Rick Esenberg, president of the conservative Wisconsin Institute for Law & Liberty, wrote his own legal analysis on Twitter. “Lots of Republicans are arguing that the Presidential Records Act and the decision in Judicial Watch v. NRA make clear that Trump is being persecuted. I can imagine a band of arguments that Trump’s lawyers might make based on these authorities but they aren’t good ones,” Esenberg tweeted.
“To buy them, you have to conclude that the PRA overrides the Espionage Act (the presumption is a reading that preserves both) and overrides classification law such that a President can designate what are clearly ‘presidential records’ under the law as ‘personal’ records,” Esenberg continued. “Given the statutory definition of ‘presidential’ and ‘personal’ under the law, classified docs can’t be ‘personal.’ So you’d have to argue that the President can legally make ridiculous designations. And implied designation as ‘personal’ also declassifies.”

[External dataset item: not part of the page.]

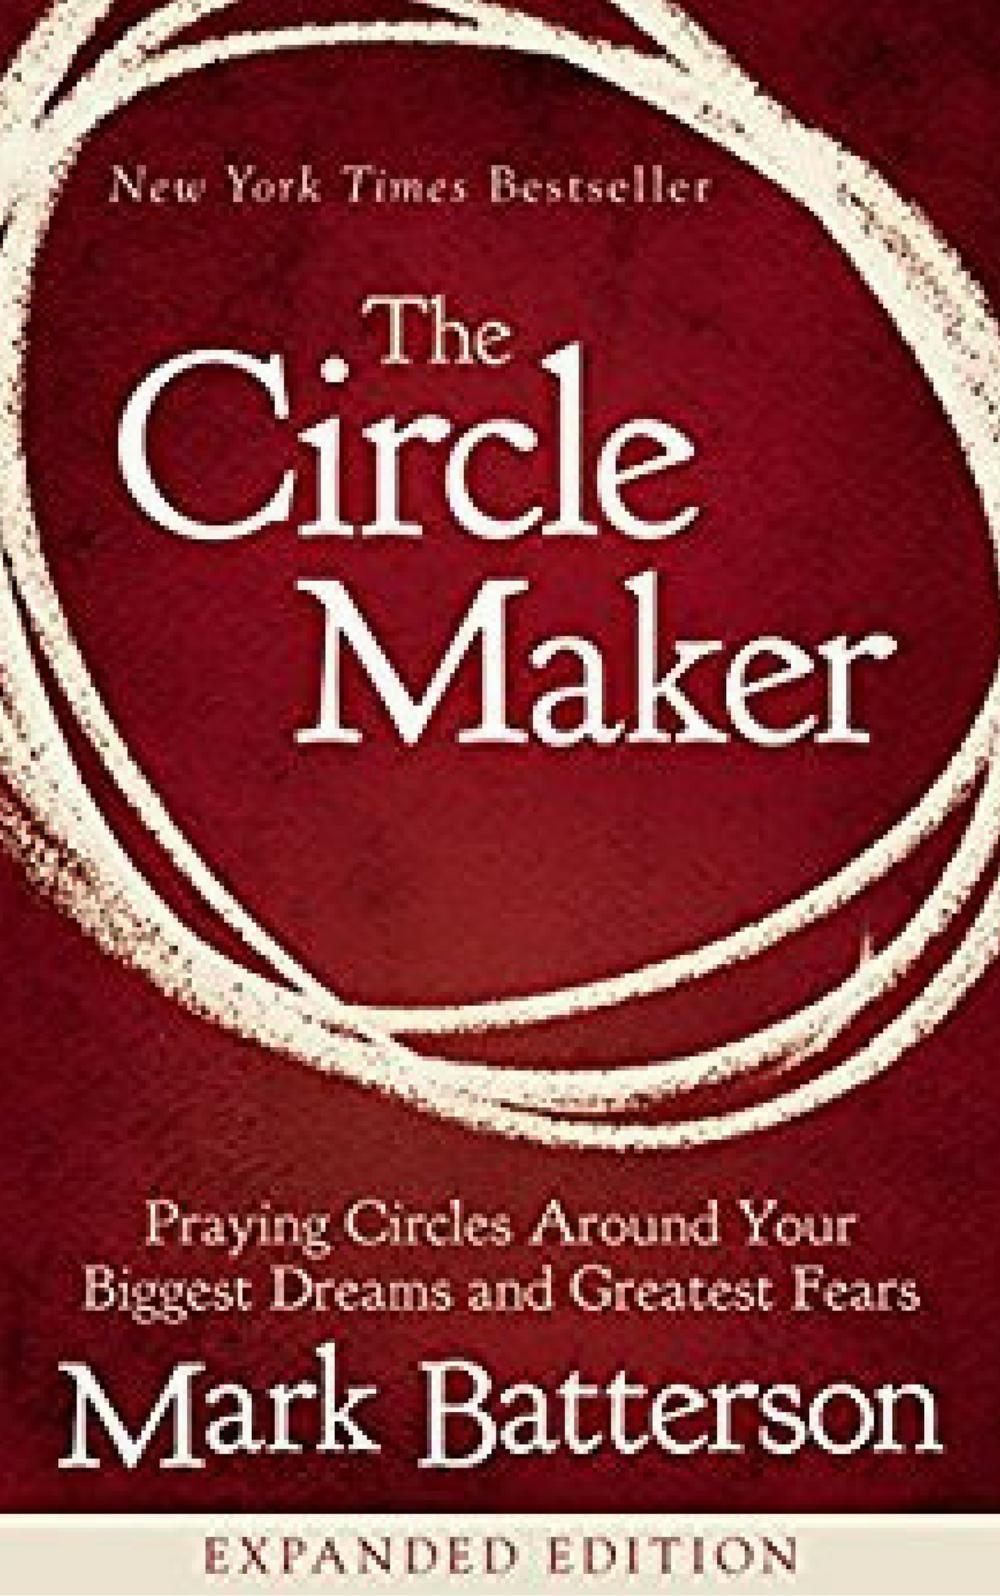 The-Circle-Maker.jpg

That’s shaky stuff. But even if he can make designations equivalent to declaring that black is white and up is down, when did he do it? Apparently he never expressly did so. He must say that taking documents that were in boxes is an implied designation and declassification.
But if you say that, then the Presidential Records Act (which was intended to make clear that official documents belong to the United States and would be retained by it) is completely illusory. Maybe. Not every wrong has a judicial remedy. But given the history of the PRA, that seems like an odd conclusion. Nor is it compelled by separation of powers because it wouldn’t interfere with the President’s carrying out of his duties. But there’s even more.
If the recital of Trump’s statements is accurate, then he did not think he declassified anything. Maybe DOJ shouldn’t have brought an even meritorious case. Maybe Hillary should have been charged (or Biden should be). But that won’t help him here. This is a serious case.
5. Donald Trump Has Raised the Clinton Sock Drawer Decision in Court Filings
In one court filing relating to the investigation that resulted in the documents indictment, Trump raised the Clinton sock drawer decision.
“As Plaintiff has explained in prior briefing, all government records are subject to either the Federal Records Act (‘FRA’) or the Presidential Records Act (‘PRA’),” Trump’s lawyers wrote, adding: “The PRA specifies a further distinction between Presidential records and personal records, requiring that ‘all material produced or received by the President, ‘to the extent practicable,’ be categorized as Presidential records or personal records upon their creation or receipt and be filed separately.’ Judicial Watch, Inc. v. Nat’l Archives & Recs. Admin. . . .”
The court filing says the core question is “whether a President has the authority to decide whether a document is a ‘Presidential record’ or a ‘personal record.’ Both the plain language of the PRA and past court decisions answer this question in the affirmative.”
The filing adds:
Therefore, according to the Judicial Watch court, in allocating this responsibility to the President, the PRA neither obligates nor permits the Archivist to make initial designation decisions or to take control of records that the President has designated as personal records. The PRA, then, is clear: a President determines whether a document constitutes a Presidential record or a personal record.”